Know about Breed: Weimaraner
- Life expectancy: 11 - 14 years
- Origin: Germany
- Temperament: Stubborn, Aloof, Energetic, Intelligent, Steady, Alert, Powerful, Fast
- Colors: Mouse-gray, Silver-gray, Silver
- Height: Female: 59-63 cm, Male: 62-67 cm
- Weight: Female: 25-35 kg, Male: 30-40 kg
- You may not know his name, but you probably recognize his silvery gray snout and long ears, a face made famous by Weimaraner photographer William Wegman. His distinctive look aside, the Weimaraner isn't an ornament he's an active dog, with a deep need to hunt and connect with his human family.
- In fact, there are two things a prospective owner needs to know about the Weimaraner: He has no off switch, and he's not happy when left alone. Bred in Germany as a hunting dog and a family companion, the Weimaraner would love nothing more than to spend the day hunting with you all day long, every single day. Failing that, he'll settle for obedience training, agility, hiking, or participating in canine sports, just as long as it means that he can be active with you.
- If you're getting the idea that Weimaraners tend to attach to their owners like Velcro, you're right. Separation anxiety is a serious problem in this breed; some Weimaraners become so distraught when left to their own devices that they bark, dig, escape, and even injure themselves. They can also be stubborn, demanding, and tough to house-train. They're frequently a hazard to cats and other small pets, and if they don't get a lot of daily exercises, they go stir crazy.
- Weimaraners are devoted dogs who want to be with people all of the time, which can be unnerving. But if you enjoy always having a dog by your side and can spare plenty of time for hiking, jogging, or hunting the Weimaraner can be an ideal canine sidekick.
- His personality can range from in-charge to laidback. Males tend to be sweet, while females have more spunk. Puppies with more prey drive and independence do well in the field, while those who are easygoing and upbeat are best suited for companion homes.
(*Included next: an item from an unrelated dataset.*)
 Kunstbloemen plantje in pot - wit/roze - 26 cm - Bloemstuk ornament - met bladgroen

If you're hoping to show, opt for puppies with outgoing and confident attitudes. And if you pick up a puppy and he doesn't settle down in your arms quickly, it is a clue that he's going to be highly energetic the same is true if he bosses the other puppies so think long and hard about whether he's the right kind of dog for you. For most of us, the best choice is the nice, middle-of-the-road puppy who is neither too bossy nor too shy.
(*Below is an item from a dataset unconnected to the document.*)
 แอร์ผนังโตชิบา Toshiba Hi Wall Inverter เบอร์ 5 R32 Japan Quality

- As lovable as he is, the Weimaraner can be high-maintenance. He needs lots of social interaction and reassurance to establish that confident, devoted Weimaraner attitude. He'll also introduce you to two fundamental laws of nature: A Weimaraner at rest is bored and a bored Weimaraner is destructive. So plan to keep him busy or he'll put his own plan into action like noshing on rugs and walls and you probably won't like it.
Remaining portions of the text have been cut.